The presentation by Dr. Kirimi focused on the evolution of maize grain and flour prices in Kenya for the period 2000-2009. It showed that domestic maize prices in the major markets of Nairobi, Mombasa, Nakuru, Eldoret and Kisumu have been on an upward trend since 2002, with sharp increases from 2008. However, between January and August 2009, prices in other markets were increasing while those in Mombasa and Kisumu were generally declining, a situation that may be attributed to a price moderating effect of imports from Uganda and Tanzania.

A comparison of local and import parity prices in Nairobi over the 2000-2009 period indicates that imported maize has been more expensive than domestically produced maize up to February/March 2009, the only time when there would have been an incentive to import maize. Indeed, the waiver granted in January 2009 has restrained the increase in grain prices, with the gap between local and parity prices reducing. Tegemeo’s assessment in early September 2009 indicates that the proportion of imports in the stocks held by traders has increased in most markets, being about 80% in Nakuru. Maize grain and flour prices have shown similar trends between 2000 and 2009. However, beginning late 2008, grain prices have been declining while flour prices have been increasing. This may be attributed to other factors besides grain price such as poor road and rail infrastructure, high energy costs, and uncertainties in grain markets in terms of policy. However, retail maize meal prices, and marketing margins between maize grain and maize meal, have fallen as the year has progressed. This decline may be due to increasingly greater access of imported maize to informal maize trading and processing systems, which are less costly than the industrial milling sector and which compete effectively against it for low- and middle income consumers. This is important given that posho mills account for 40% of maize milled in rural areas. As long as grain is circulating in informal markets, consumers can buy and mill it at neighbouring posho mills, ensuring that the less expensive products are available to most low-income consumers.
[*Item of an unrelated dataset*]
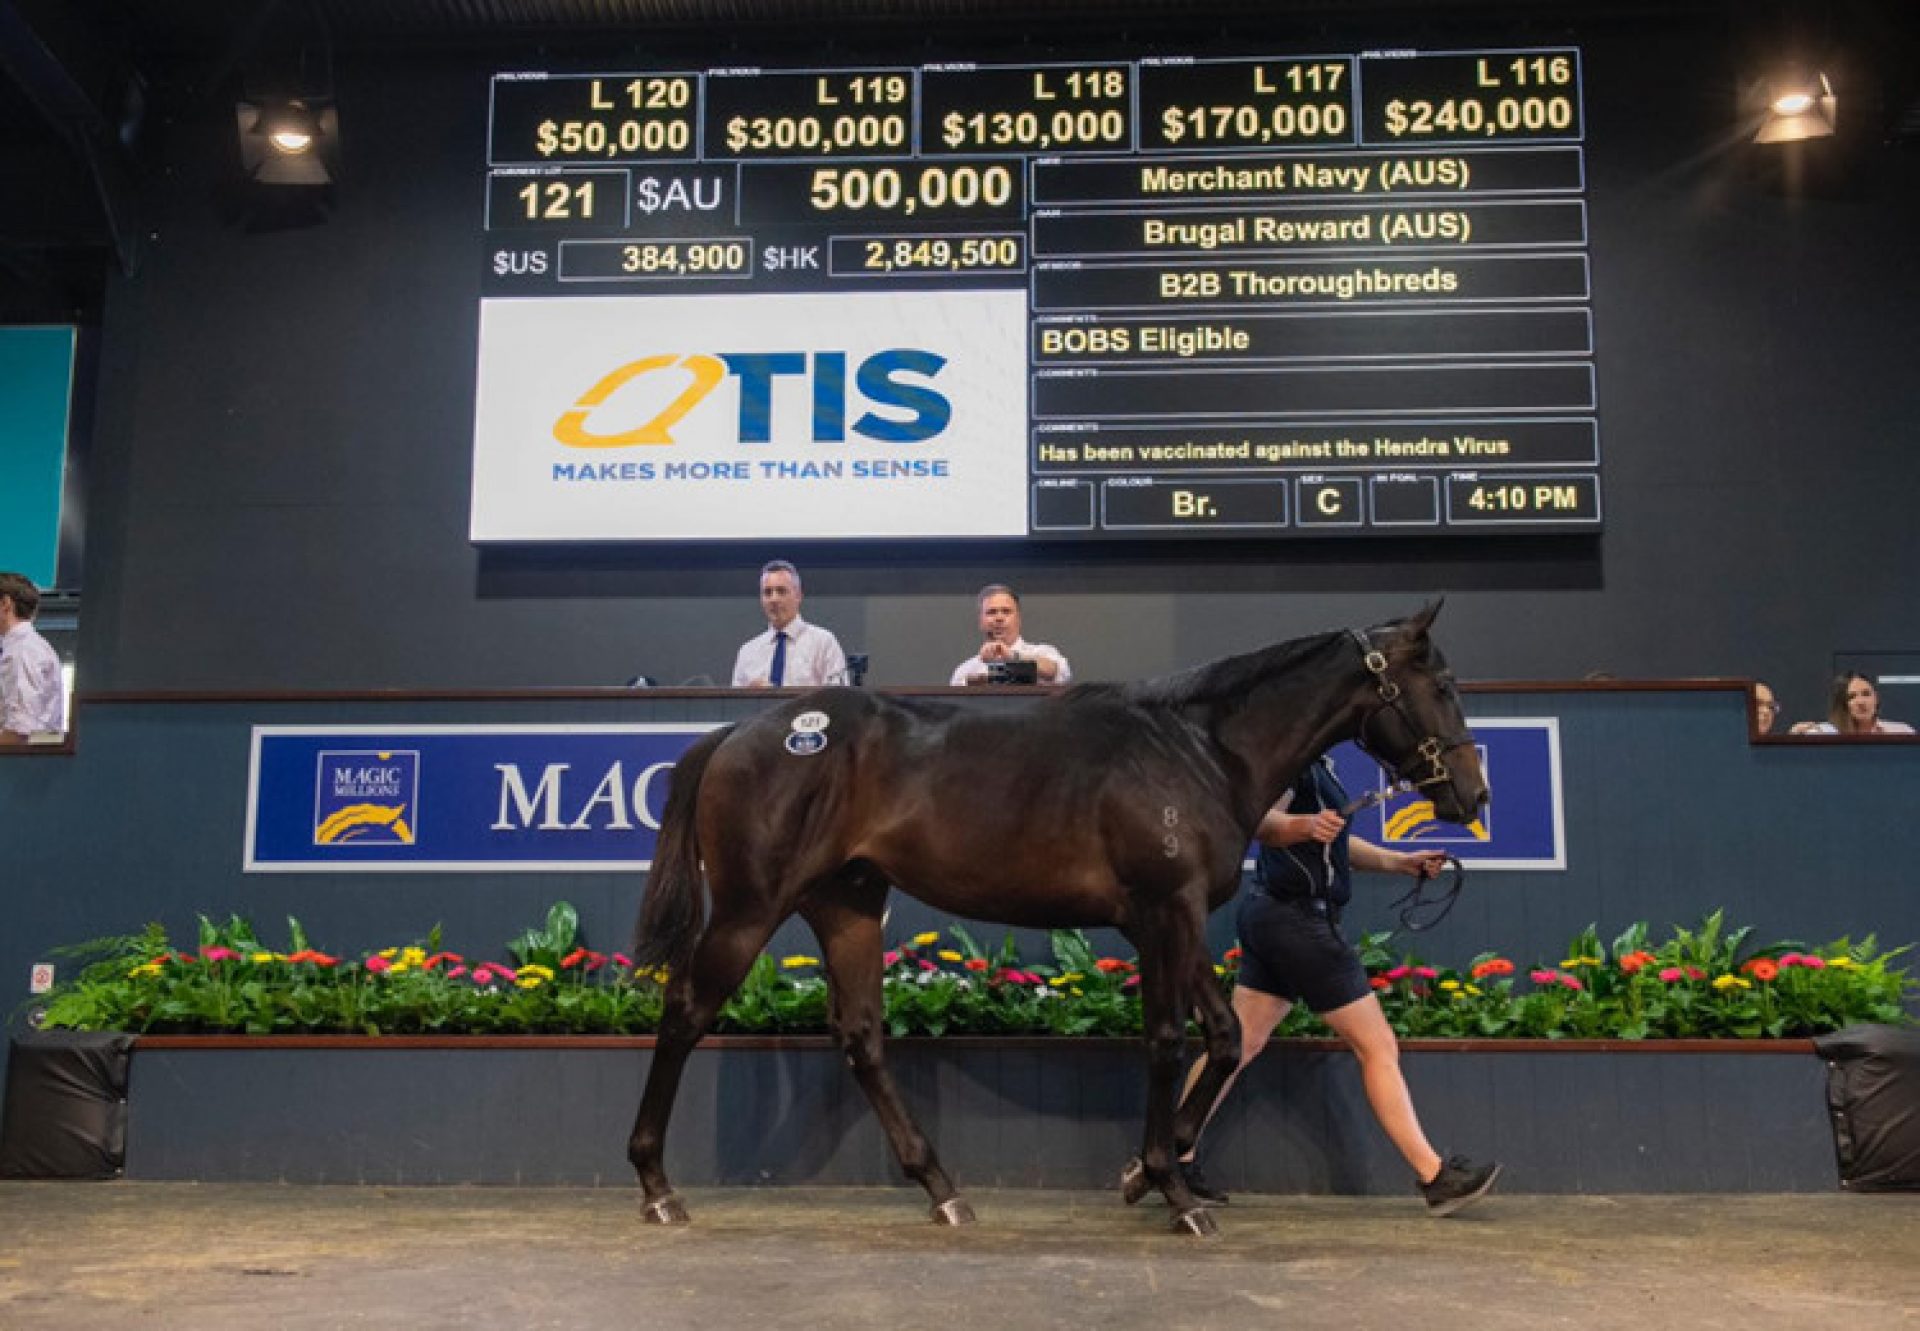 Merchant Navy X Brugal Reward yearling colt selling for $500,000 at the MMGC sale
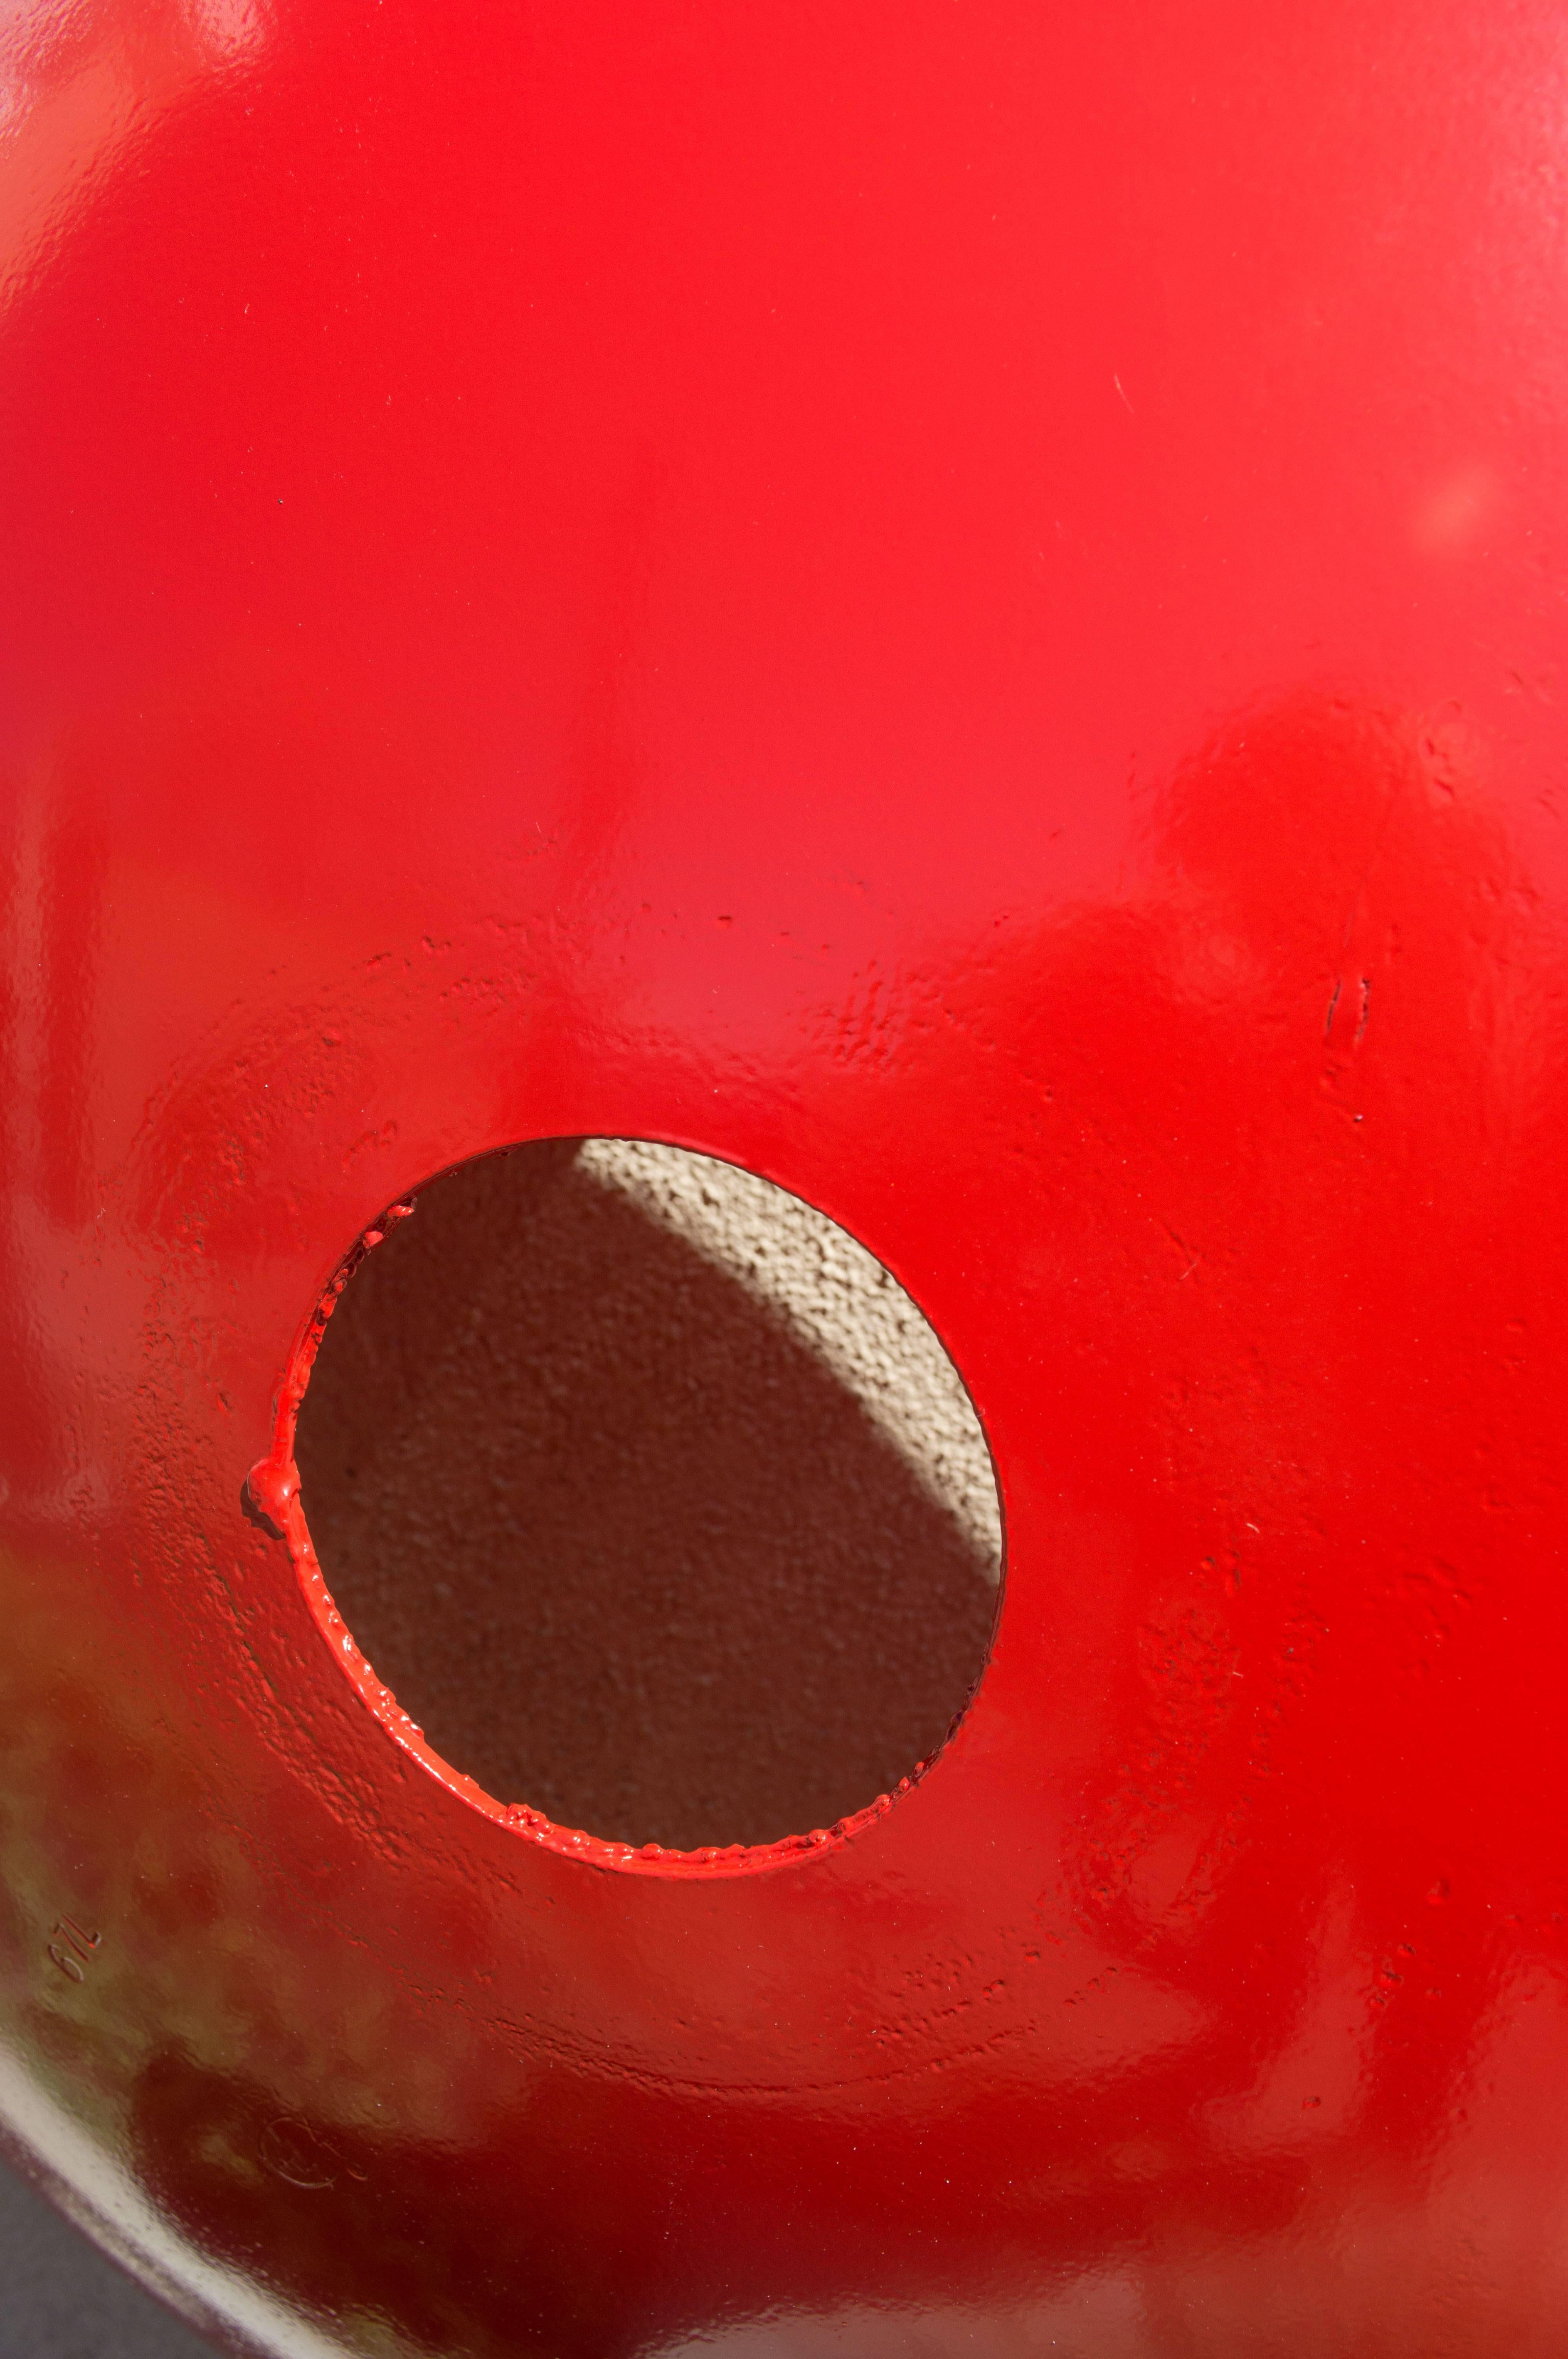 Terrace Disc, large red orange - Abstract Sculpture by Michael Freed and Adam Rosen

In conclusion, Dr. Kirimi indicated that there is need for strategies that will adequately deal with the evolving food security situation during the 2009/10 cropping season and beyond. In the short term, the government needs to expand relief efforts, maintain duty waiver on maize and introduce waiver on wheat and rice, ensure access of imported maize to informal traders and posho millers, and follow clearly-defined and transparent rules for triggering government intervention to reduce market uncertainty. Additionally, there is need to raise awareness and sensitization on diversifying food consumption and to establish regular periodic government-private sector consultations to coordinate decision making on stocks and imports. In the long term, there is need to emphasize on strategies that reduce cost of producing and distributing maize locally such as improvement in roads and railway infrastructure.